More personalized care plans and patient engagement
Patients are often more engaged when they see that their own data matters. If a clinician references a MyFitnessPal trend or an Apple Health activity summary, the patient tends to feel heard, which can improve adherence and follow-through. This is especially true in SMB settings where patients expect a personal relationship and fast communication. The upside is not just medical. It also reduces the operational back-and-forth of asking patients to restate data they already provided, freeing staff to focus on actual clinical decisions.
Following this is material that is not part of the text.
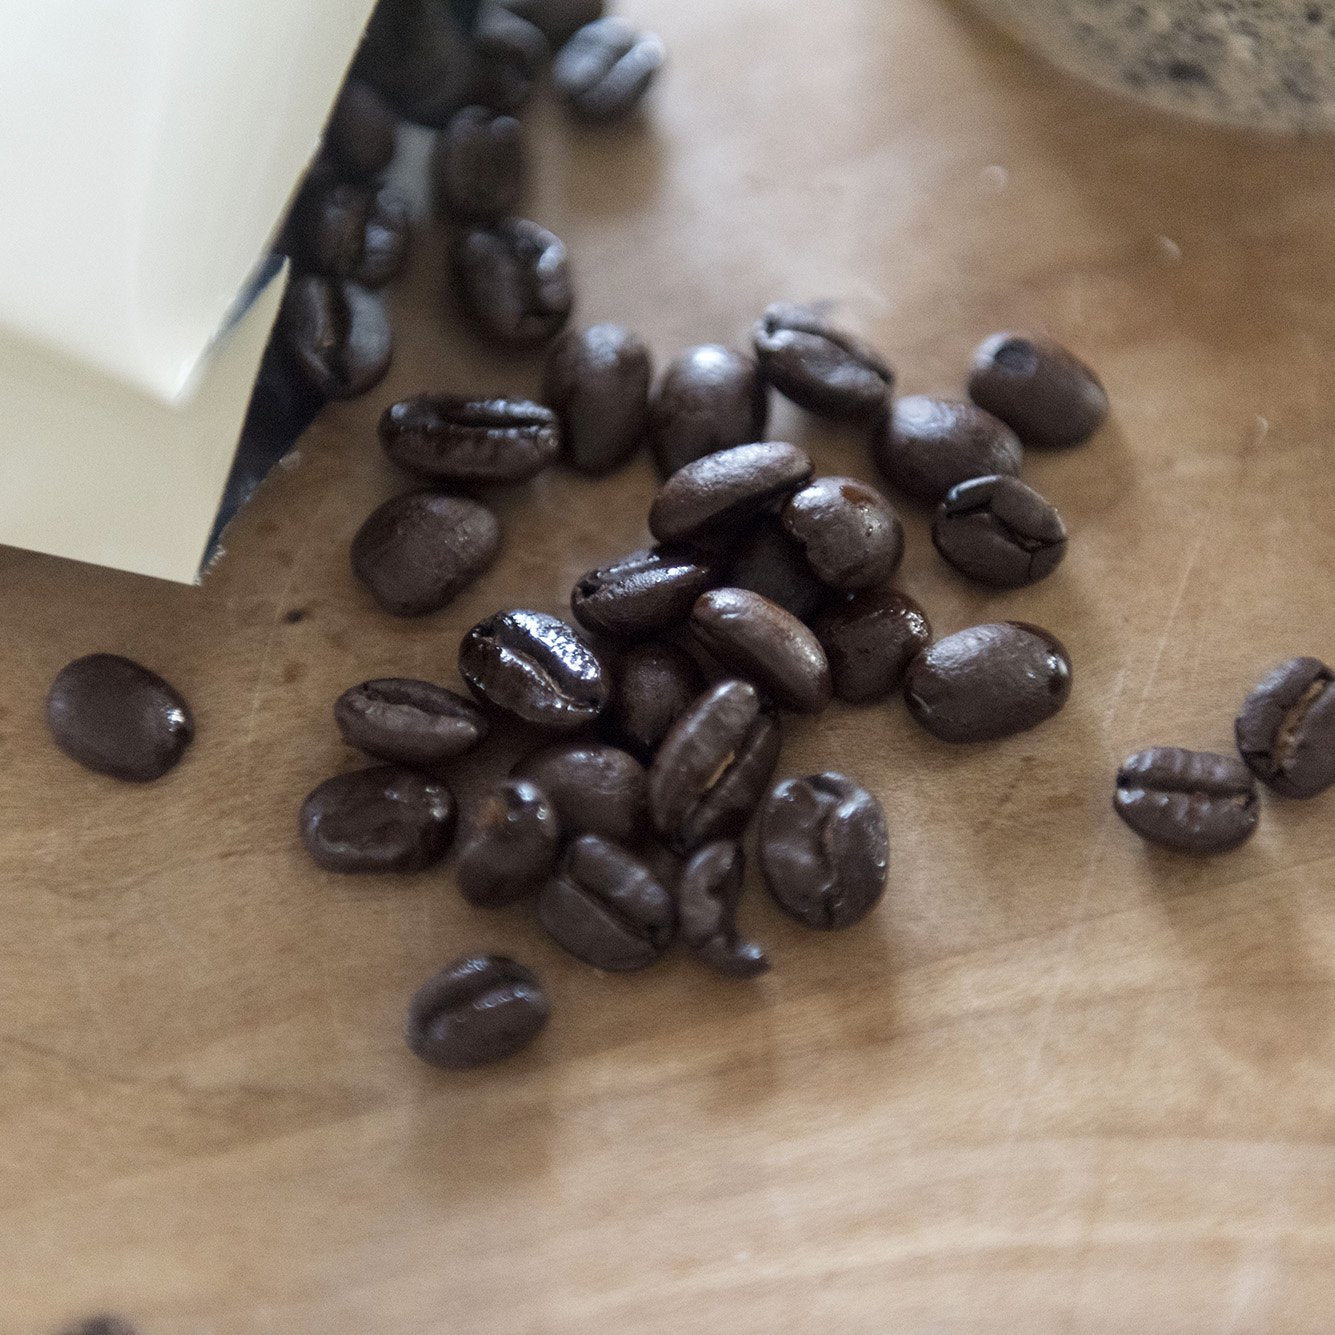 Coffee Kajita コーヒー豆（豆／粉）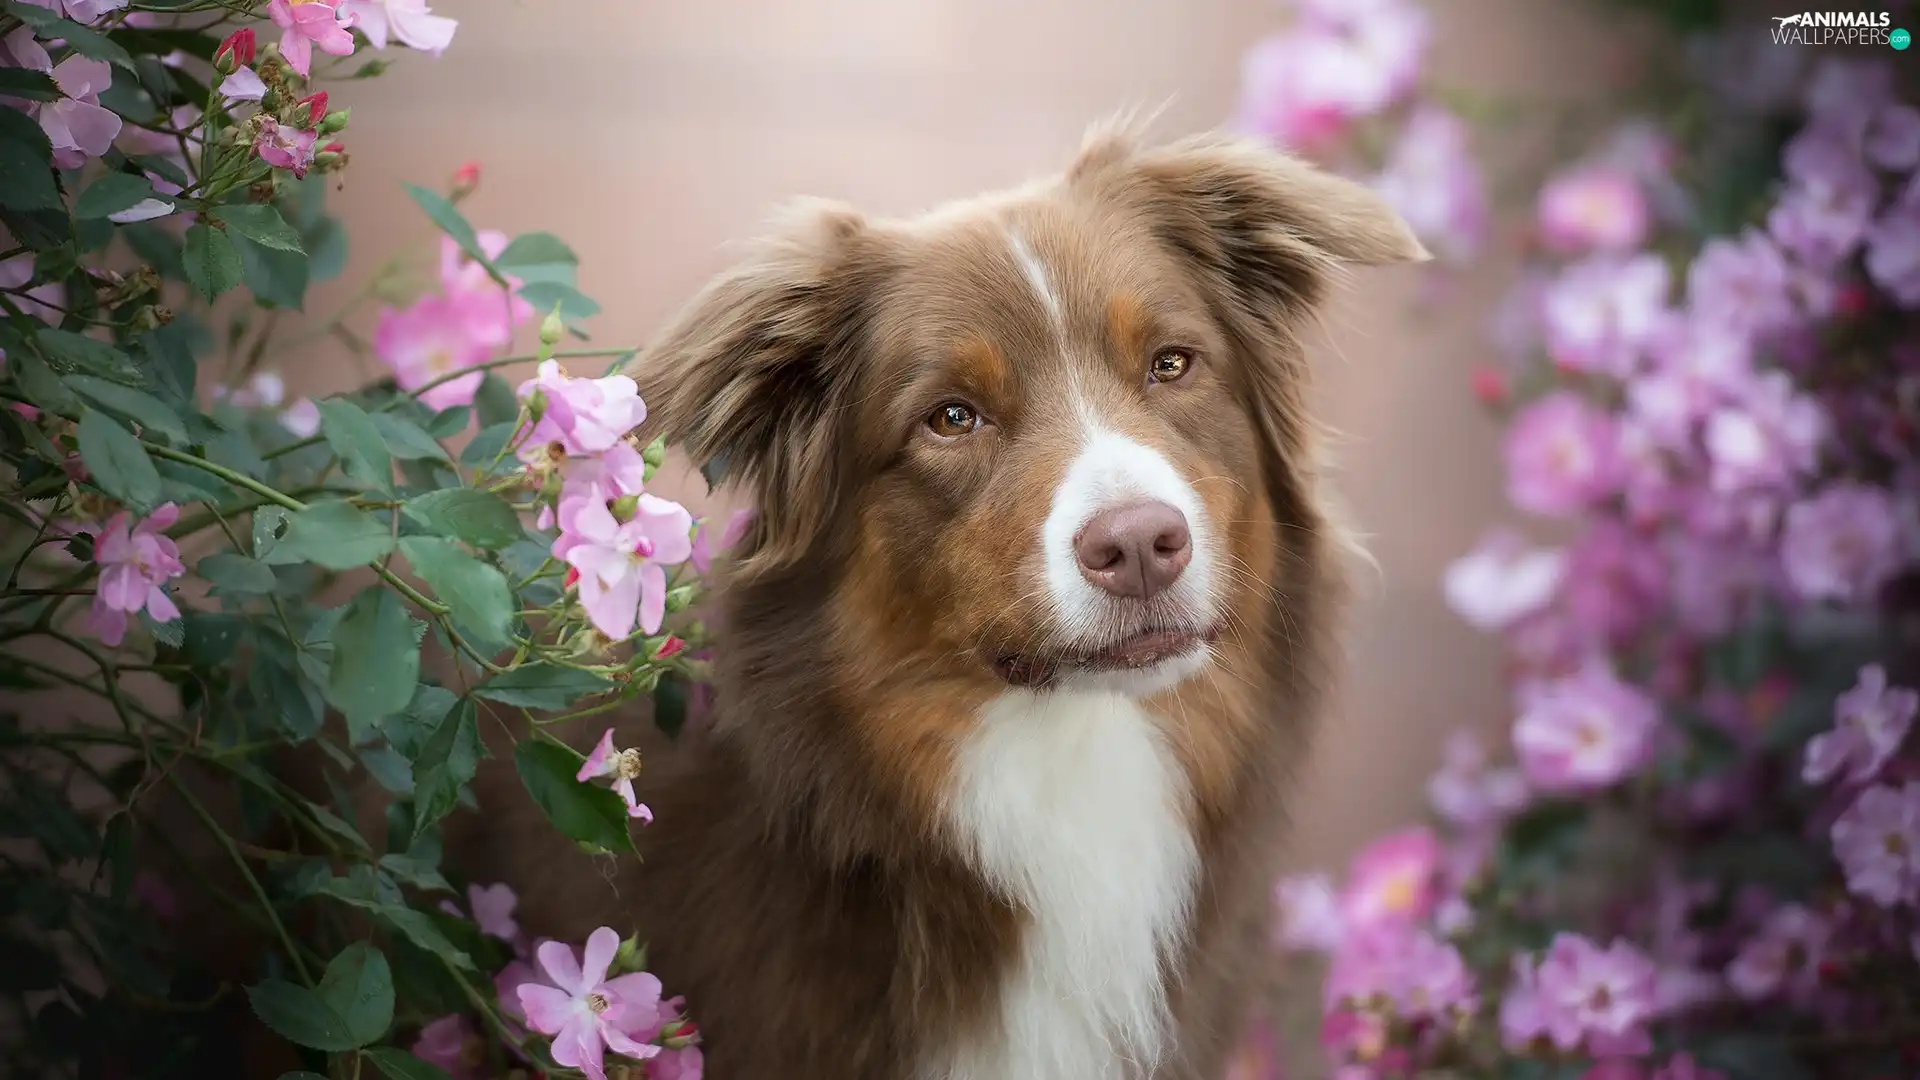 Bush, Flowers, Australian Shepherd, muzzle, dog

There is also a behavioral benefit: patient data can turn vague advice into a concrete plan. “Walk more” is forgettable, but “increase average daily steps by 1,000 over the next two weeks” is measurable and easier to track. The more structured the document workflow, the easier it is to re-use that goal in later visits or care coordination. If you want a broader perspective on using narrative and structure to support behavior change, our guide to storytelling for client adherence is relevant beyond healthcare.
Operational efficiency when the intake is standardized
When patient data integration is structured well, staff spend less time asking, sorting, renaming, and filing. That has a direct operational impact: fewer inbox backlogs, less duplicate work, and cleaner handoffs between front office, clinical staff, and billing. Standardized intake also makes audits easier because every external document has a consistent path through the system. For SMBs, the ROI often shows up in the first few months as reduced administrative noise rather than dramatic clinical transformation.
Integration should also reduce human error by limiting freeform handling. A named workflow for “consumer health app submission” can automatically apply retention rules, assign review responsibility, and prevent the file from being treated like an ordinary lab result. The discipline mirrors what good teams do in other document-heavy operations, such as regulated deployment checklists and trust-centered adoption processes. If you can make the path predictable, people are far less likely to misuse the data.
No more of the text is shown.